季彥清對上男人的視線,唇畔勾起一抹諷刺,“不過……馬爾代夫的確是一個好地方,陸少還挺有情趣。”

陸靳白只淡淡瞥了她一眼,“我來這邊,是有事要辦。”

有事要辦?

所以必須捎帶上恒甜?

多麽一個冠冕堂皇的借口……

季彥清冷笑,隨即下了逐客令,“陸先生,你要是沒事的話,就請離開。我要休息了。”

“正好我也有些累了。”陸靳白長臂一攬,將她拉進懷裏,眼神灼熱。

季彥清瞪大雙眼,反應過來道:“陸靳白你想幹什麽?!”

男人卻不以為意,眸中帶著一絲戲謔,唇角微勾,“當然是和陸太太共度良宵。”

季彥清皺了皺眉,怒瞪了他一眼,“我才不是!”

她和他不過是協議婚姻,所以自然沒有把陸太太的身份當真。

“陸先生難道忘記了嗎?我們不過是協議婚姻,一年後,我們沒有任何關系!”

“協議婚姻?”

陸靳白臉色瞬間冰冷,語氣帶著濃濃的譏諷,“季彥清,你倒是挺有自知之明。可你也別忘了,現在還是在協議期間,所以我想要做什麽,你自然是要按照協議上配合。”

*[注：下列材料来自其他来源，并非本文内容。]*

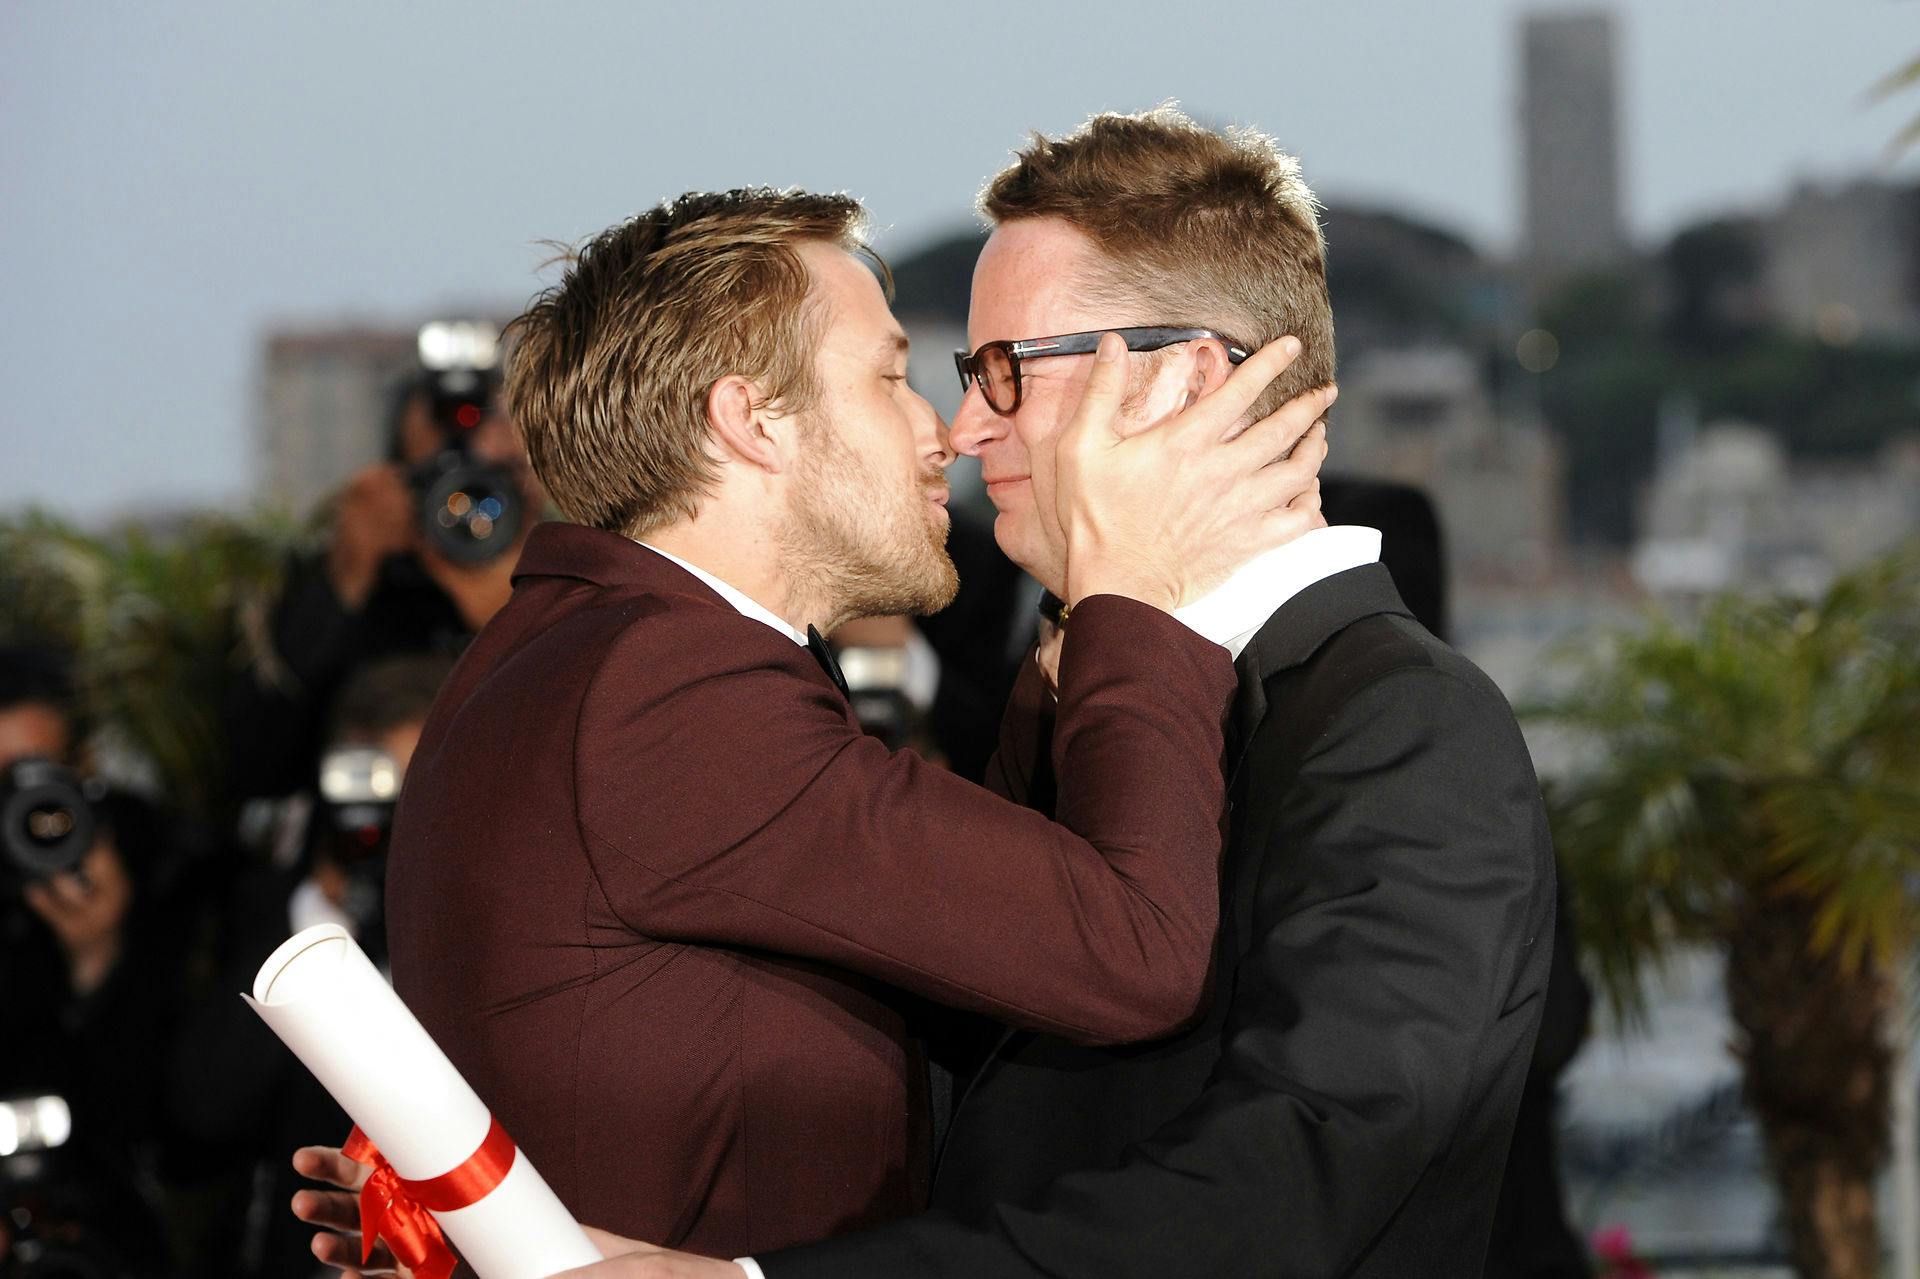 Stjernerne er glade for Winding Refn. Her får han et stort kys af "Drive"-stjernen Ryan Gosling, efter Refn vandt prisen for bedste instruktør i Cannes i 2011.

他的語氣輕飄飄的,但在季彥清聽來卻無比羞辱,她貝齒一咬,怒斥道:“的確沒錯,可我現在不想陪你玩,你若是那麽想要,不如去找恒甜!”

“若我說,非你不可呢?”

陸靳白沒有再給季彥清說話的機會,他低下頭,薄唇準確無誤的覆蓋住她的唇瓣。

“唔……”

突如其來的吻,讓季彥清有些猝不及防,她掙紮著想要推開他,然而卻被男人堅實的臂膀死死禁錮住。

若是換做原來,她可能不會反抗,但一想起剛才他和恒甜濃情蜜意的樣子,季彥清的心裏突生一股厭惡。

她一口用力的咬在男人的唇上,一股鹹澀的腥甜湧入了唇齒間,陸靳白隨即松開了她。

季彥清面帶怒氣,“我不是你呼之即來揮之即去的女人,請你馬上離開!”

幾秒鐘的對視——

陸靳白漆黑眼瞳緊盯著眼前的女人,想要從她眼中看出其他東西,卻發現除了冷漠便沒有其他表情。

不知何時,季彥清看他的眼神已經變了。

……不再是三年前的愛慕。

他沈默許久,張了張嘴,最終什麽也沒有說就轉身離開。

季彥清看著男人矜貴非凡的身影,臉上的神情晦暗不明,她沒有什麽直觀的感受,只覺得左心房那顆跳動的心臟隱隱泛疼。

正準備關上門,卻聽到身後傳來一道氣急敗壞的喊聲:“季彥清!”

季彥清隨即回頭,還沒看清那人的臉,一個巴掌就朝她扇過來。

她目光一凜,眼疾手快接下她的手腕,隨即冷笑道:“恒大小姐,這麽長時間,你還是一點都沒變。”

“一樣的令人討厭。”

恒甜一臉惱火,“你來西雙版納做什麽?!”

“當然是出國旅游。”季彥清扯了扯唇角,嘲弄的看著她,“不然你以為是什麽?”

“你別以為我不知道,你就是故意跟來的!”恒甜氣得咬牙切齒,“你知道靳白哥哥會因為工作上的事情跟我有交集,所以枉費心機出現在他面前……”

“工作?”

季彥清仿佛聽到了什麽關鍵詞,眼眸不由得瞇起。

“還裝!”

恒甜冷嗤一聲,看向季彥清的眼神多了一絲鄙夷,“你敢說你不知道陸氏在馬爾代夫有個策劃案?”

季彥清挑眉,她還真不知道。

這麽說,是她誤會陸靳白了?

“我奉勸你死了這條心吧,靳白哥哥只能是我的!”

恒甜嘴角勾起一抹惡毒的笑容,“就算你費盡心機大老遠的跟過來,也別想破壞我們!”

“你愛那麽想隨你的便。”季彥清向她投去一個無奈的目光,“只不過……這話你應該和陸靳白說,而不是我。”

“你……”恒甜一陣氣怒,卻又不能怎麽樣。

她很清楚自己在陸靳白心中的分量,沒有半點喜歡反而無比厭惡。

正因為如此,季彥清這個賤人才敢在她面前這麽放肆!

季彥清似笑非笑地瞅著她,忽然來了興致,“等陸靳白身上成功貼上了你的標簽,恒大小姐再來跟我討論這些吧。想上他的女人多如過江之鯉,不差你一個。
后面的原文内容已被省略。